苏南站起身想要阻拦,却被何喜带来的人拦住。
他气得沉下脸:“何总管,小女不肯进宫,你岂可强迫?!”
何喜也冷脸道:“胆敢阻挠**太后懿旨,苏老爷真是胆大包天!”
说完他也不多纠缠,脚底抹油就溜了。
苏翩语被人强行带进宁寿宫,却没有见到**太后王氏,反而被安排在宁寿宫后偏殿住了下来。
看到之前伺候过她一天的两个健硕仆妇,苏翩语当即明白过来,这一切都是陆梵的安排!
他是想用女官职位,把她禁锢在皇宫之中。
苏翩语心中烦闷,却也只能先好好养伤,日后再寻找机会离宫。
转眼到了八月十五中秋节。
宫中举办家宴,荣王妃刘怡萱过来拜见**太后,抽空便到后殿看望苏翩语。
她语气带着几分感叹:“魏国公府倒终于做了件人事,徐城璧与徐鹏举二人日日上苏家门口袒露上身负荆请罪,为你挽回不少声誉。”
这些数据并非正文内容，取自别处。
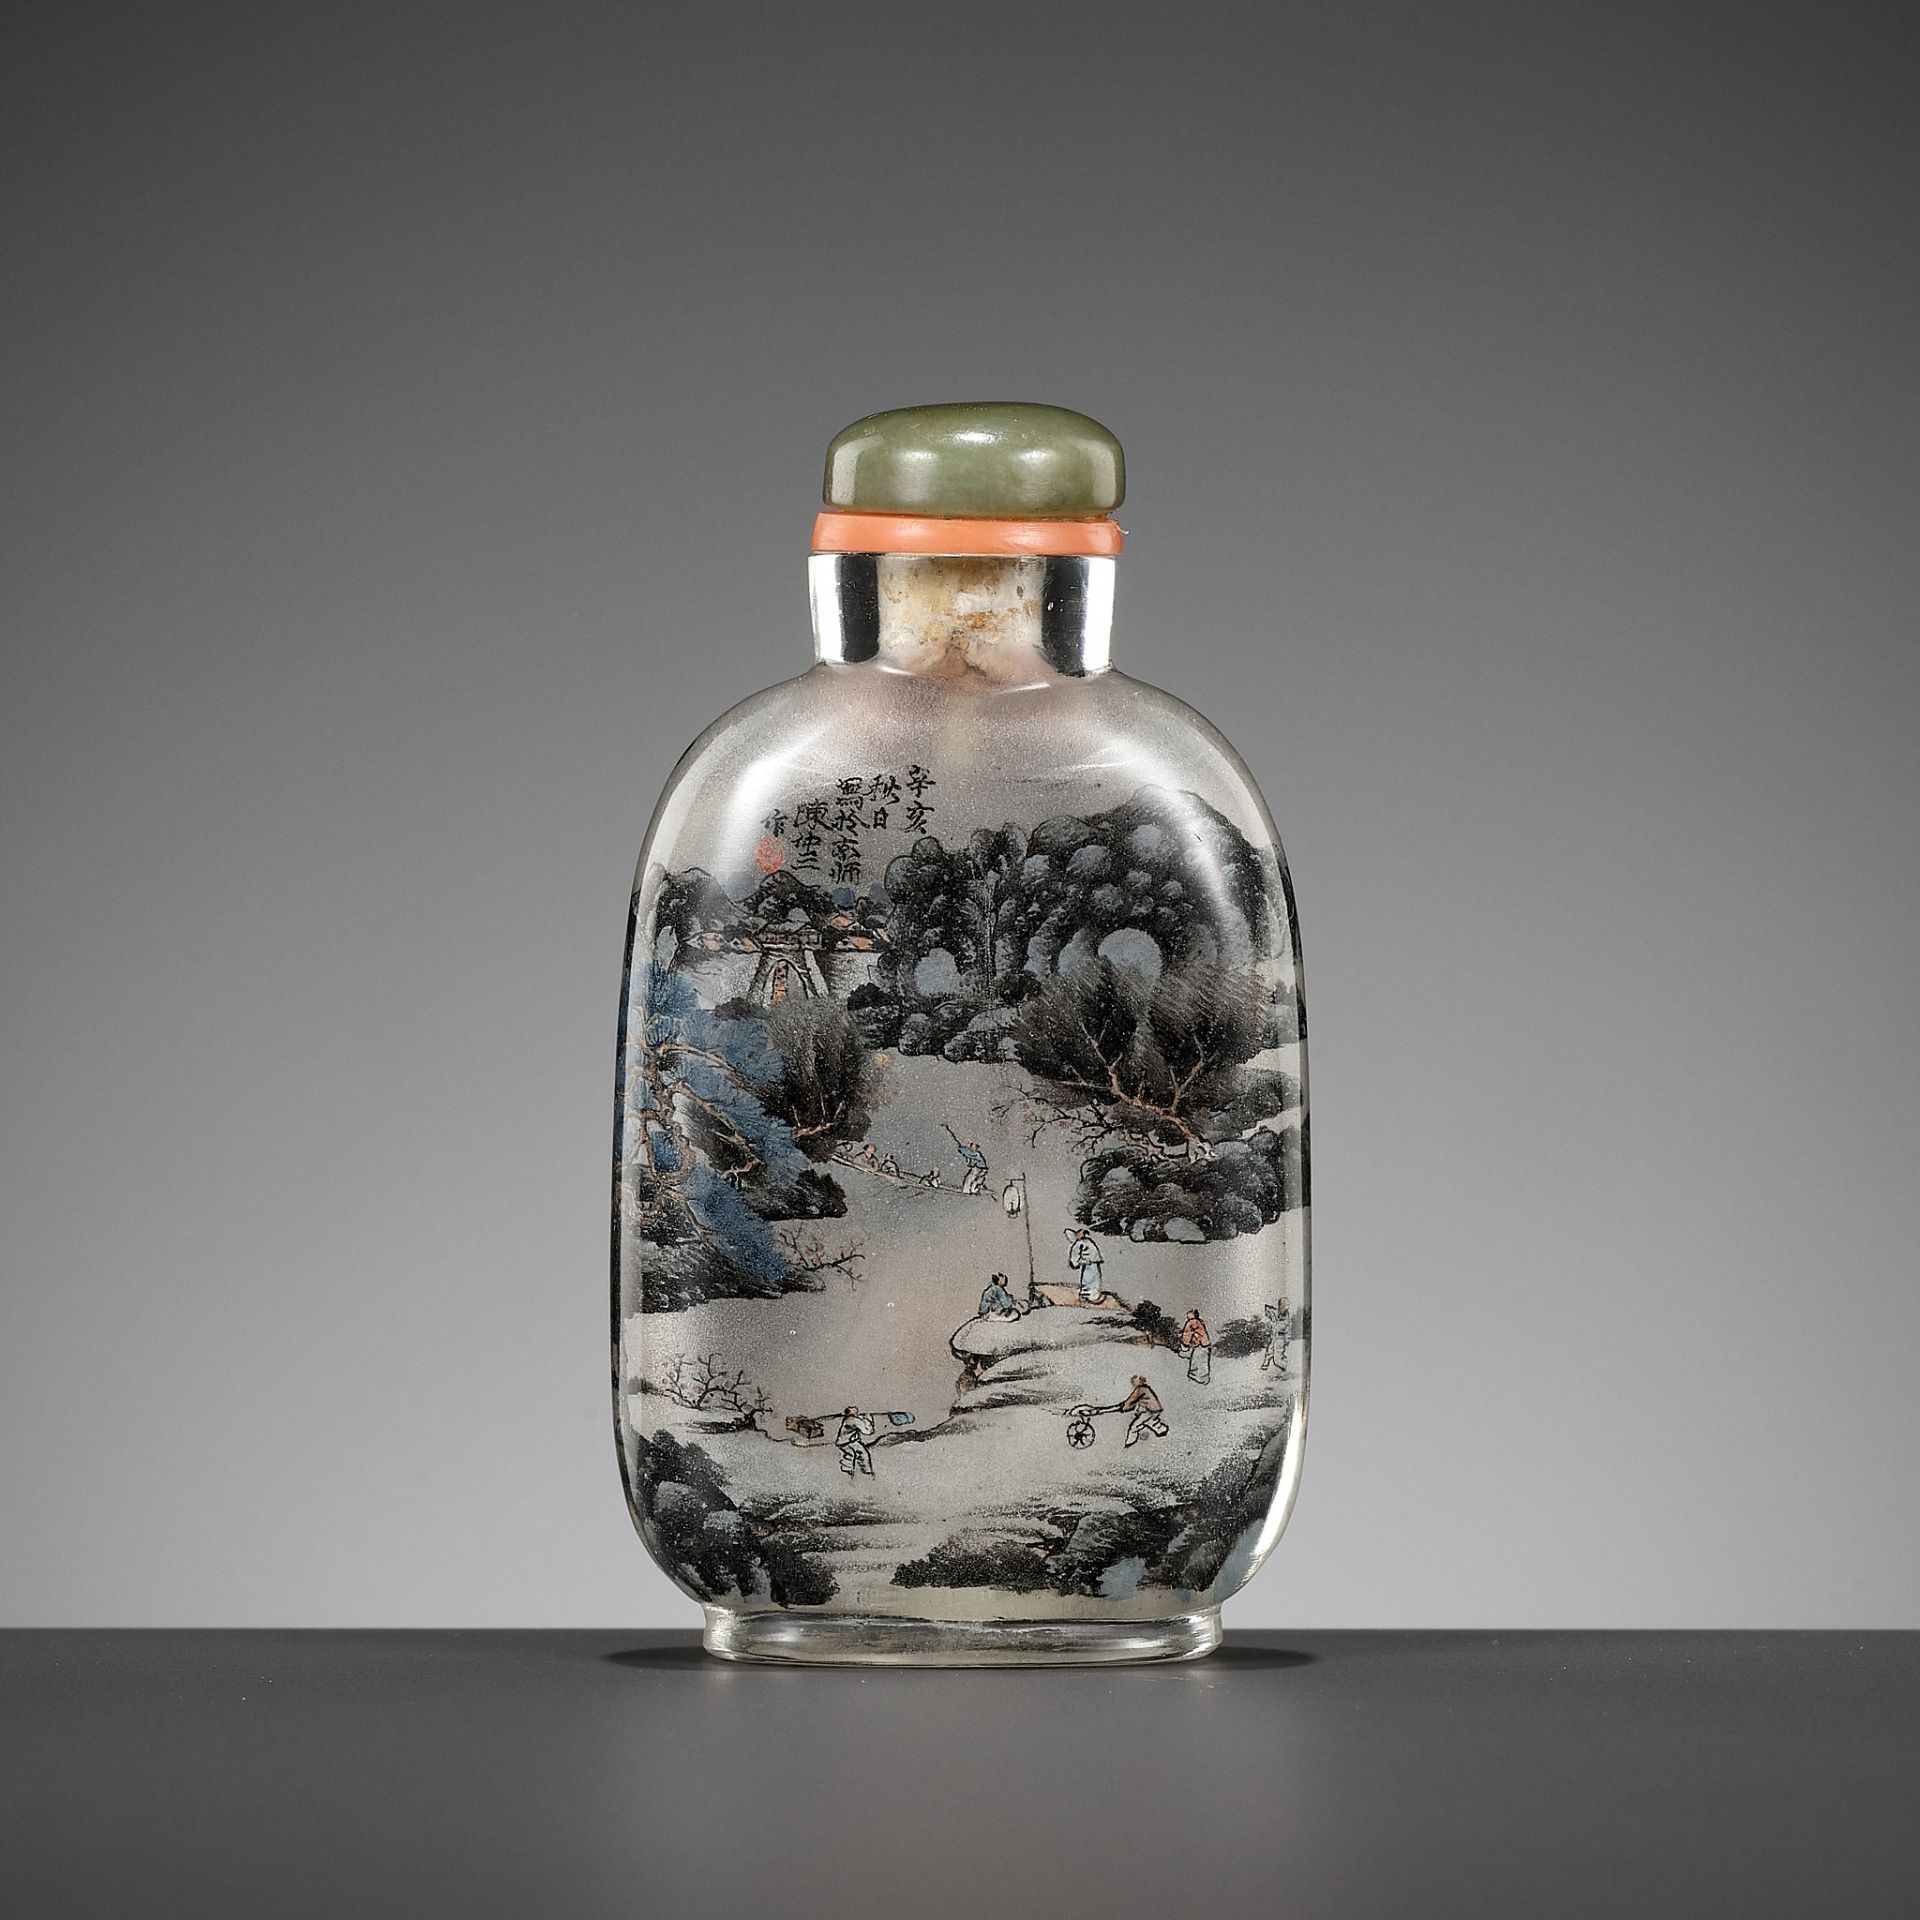 AN INSIDE-PAINTED GLASS SNUFF BOTTLE BY CHEN ZHONGSAN, DATED 1911

“苏老爷也硬气,把魏家当年的婚书要了回来,把聘礼全退回去,现如今,你已不再是徐鹏安的妻子,而是与他和离出了徐家的苏翩语。”
丈夫死了还能和离,苏翩语还挺意外的。
这也是好事,总算与魏国公府彻底切割。
刘怡萱眼神复杂地上下打量苏翩语。
她本来觉得自己婚姻挺不幸的。
陆佑廷与她成亲生子,对她却一直很冷淡。
可王府也没有其他通房妾室,她又生下了嫡长子,地位不可动摇,她又觉得自己过得还不错。
对比一下她恨了好几年的苏翩语,她终于觉得自己赢了。
娘家**,夫家对她落井下石、抢占嫁妆污臭名声,如今被束缚在宫中做个小小女官,这辈子都得向她卑躬屈膝。
陆佑廷喜欢她又如何?
所谓喜欢,在身份地位面前,是最不值钱的。
她幽幽道:“苏翩语,早知道你会落到这个地步,当初我就不泼你那碗汤了。”
苏翩语歉意地笑笑:“当年不懂事,害得王妃烫伤了脸,也不知道有没有留疤。”
刘怡萱脸色青一阵红一阵,冷着脸离开。
旁边的小宫女过来小声说:“荣王妃最是和气热心,您奉承着些,有什么事她也会帮衬一二。”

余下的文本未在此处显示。